Some of The Family Business regulars set to appear in guest-starring roles, including Michael Jai White as Vegas Duncan and Denise Boutte as Raven Sinclair. Several cast members, including Stephens, Stanis, Stan Shaw, Teshali and Sacaiha Shaw, have made guest appearances in The Family Business fourth season.

== Production==
On January 17, 2024, it was reported that BET+ ordered an eight-episode spin-off for their crime drama series The Family Business. The series set in New Orleans and follows Duncan family led by Big Shirley Duncan. The series executive produced by Carl Weber, ND Brown (who services as showrunner), and Trey Haley. The same time Brandon T. Jackson was announced as male lead. On March 6, 2024, it was announced that Lela Rochon was cast as Big Shirley, while Ben Stephens, Pooch Hall, Quincy Brown, David Banner, Yvette Nicole Brown, Orlando Jones, Nichole Galicia, Erica Hubbard, Sarah Carter, Stan Shaw, Bern Nadette Stanis, Nayirah Teshali, Sacaiah Shaw, Jensen Atwood, AzMarie Livingston, Deric Augustine. Kayla Nicole and Nicholas Turturro were cast as regulars. Rochon and Jackson served as associate producers.

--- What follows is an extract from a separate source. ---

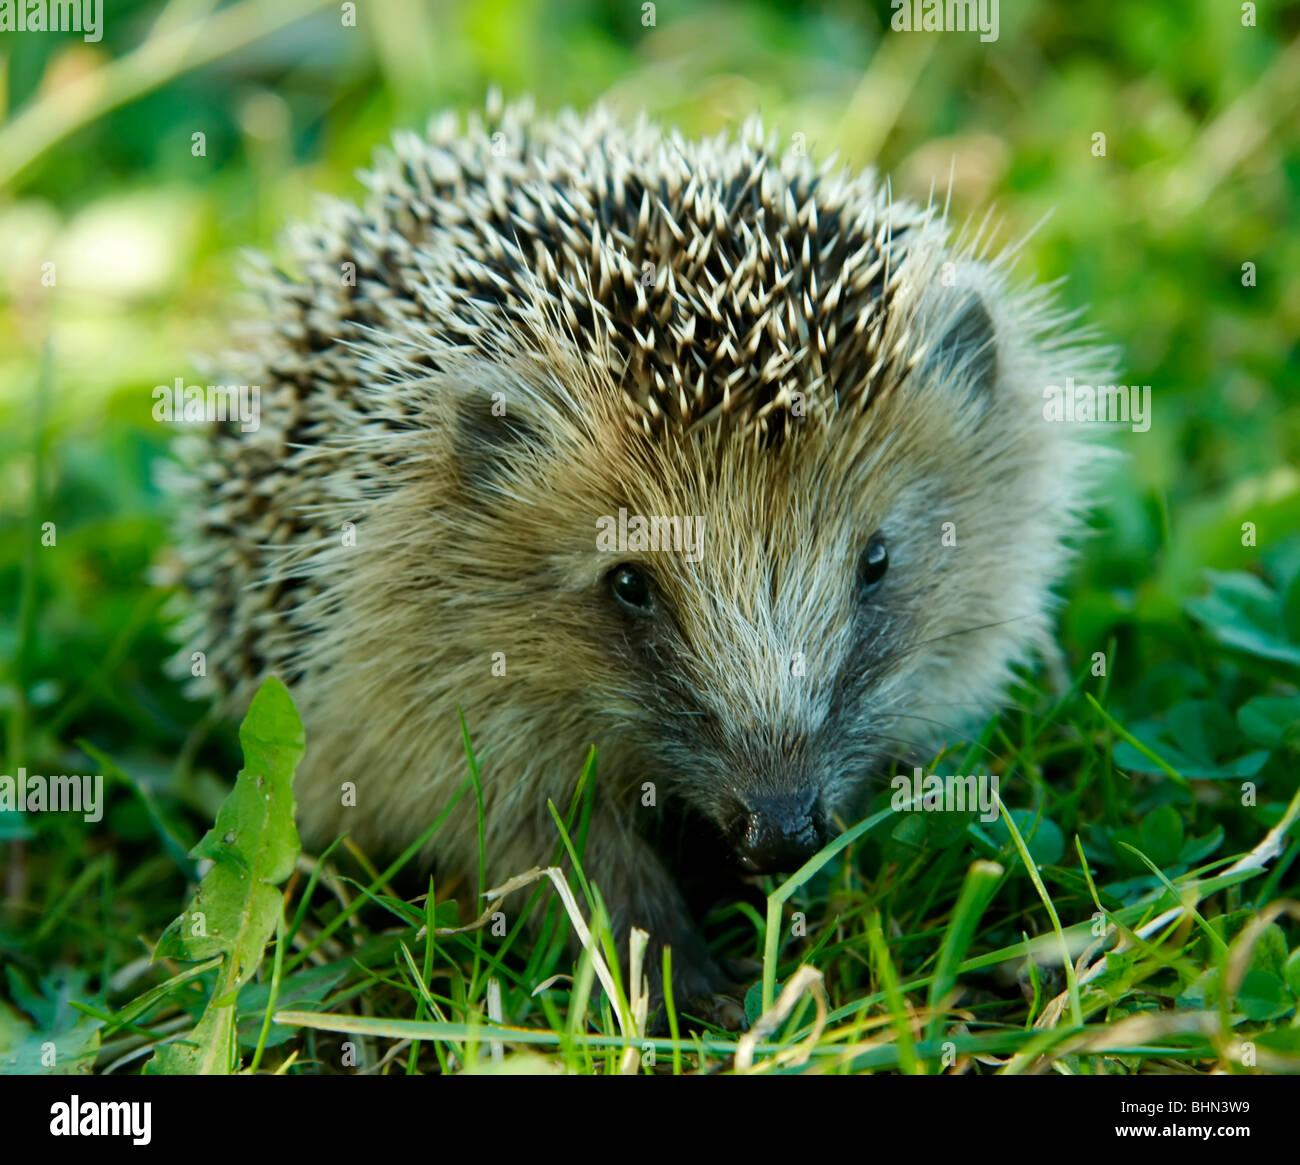 West European Hedgehog (Erinaceus europaeus) - Stock Image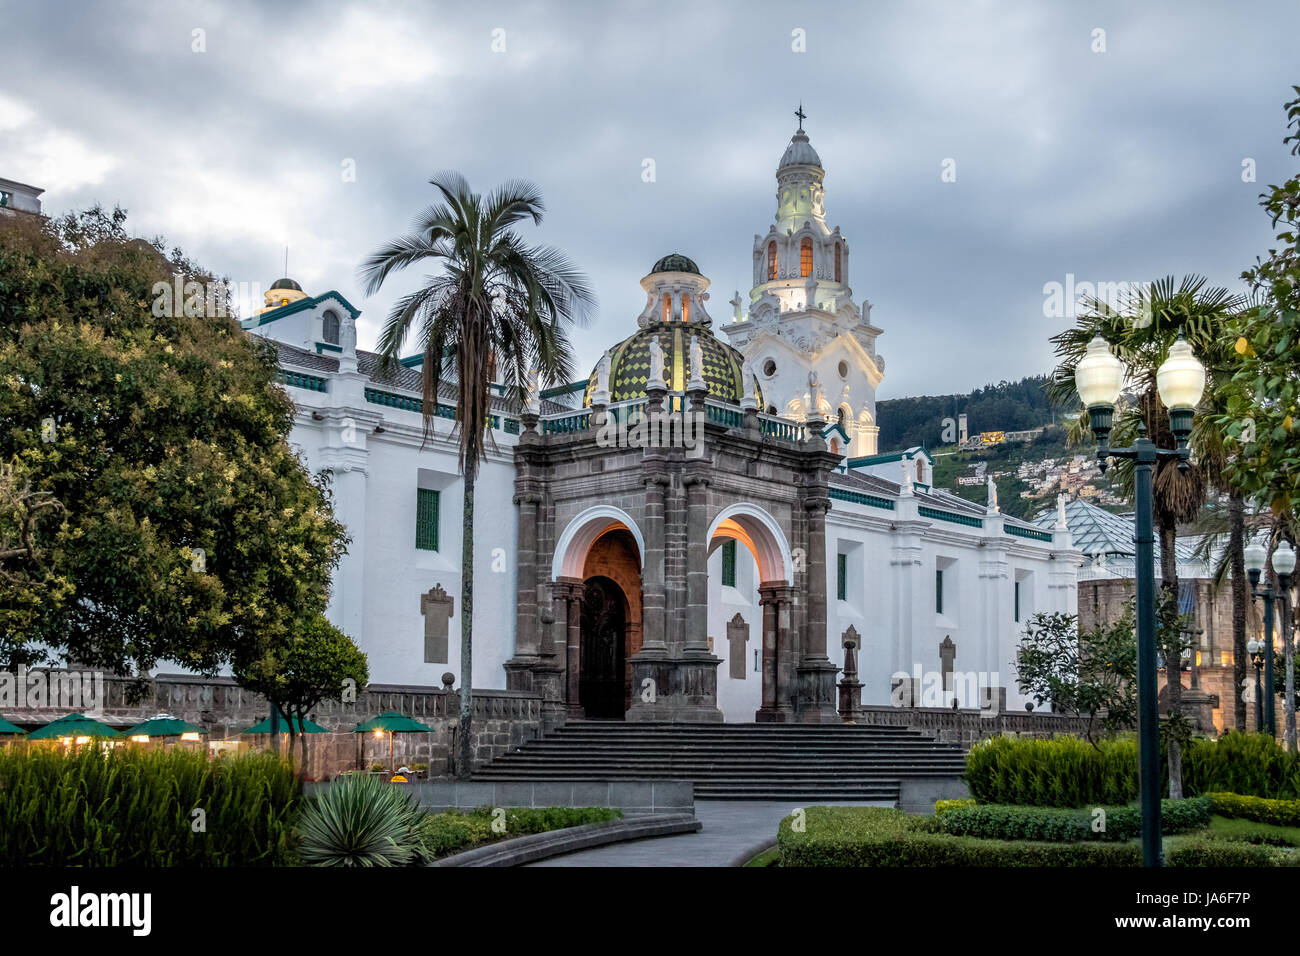 Plaza Grande and Metropolitan Cathedral - Quito, Ecuador - Stock Image

Principal photography began in New Orleans and Los Angeles, California in March, 2024.

==Episodes==

| No. | Title | Directed by | Written by | Original release date |
|---|---|---|---|---|
| 1 | "Surprise, Surpise" | Trey Haley | Carl Weber & C.N. Phillips | January 23, 2025 |
| 2 | "Rest No Peace" | Trey Haley | Carl Weber & C.N. Phillips | January 23, 2025 |
| 3 | "Mask On" | Trey Haley | Carl Weber | January 30, 2025 |
| 4 | "Truth, Lies, & Secret Ties" | Veronica Nichols | Carl Weber | February 6, 2025 |
| 5 | "The Hunt Is On" | Trey Haley | Carl Weber | February 13, 2025 |
| 6 | "Two Sides to a Story" | Trey Haley | Carl Weber | February 20, 2025 |
| 7 | "Things Come to a Head" | Trey Haley | Carl Weber | February 27, 2025 |
| 8 | "Burn, Nola, Burn" | Trey Haley | Carl Weber | March 6, 2025 |

==Release==
The series premiered on January 23, 2025.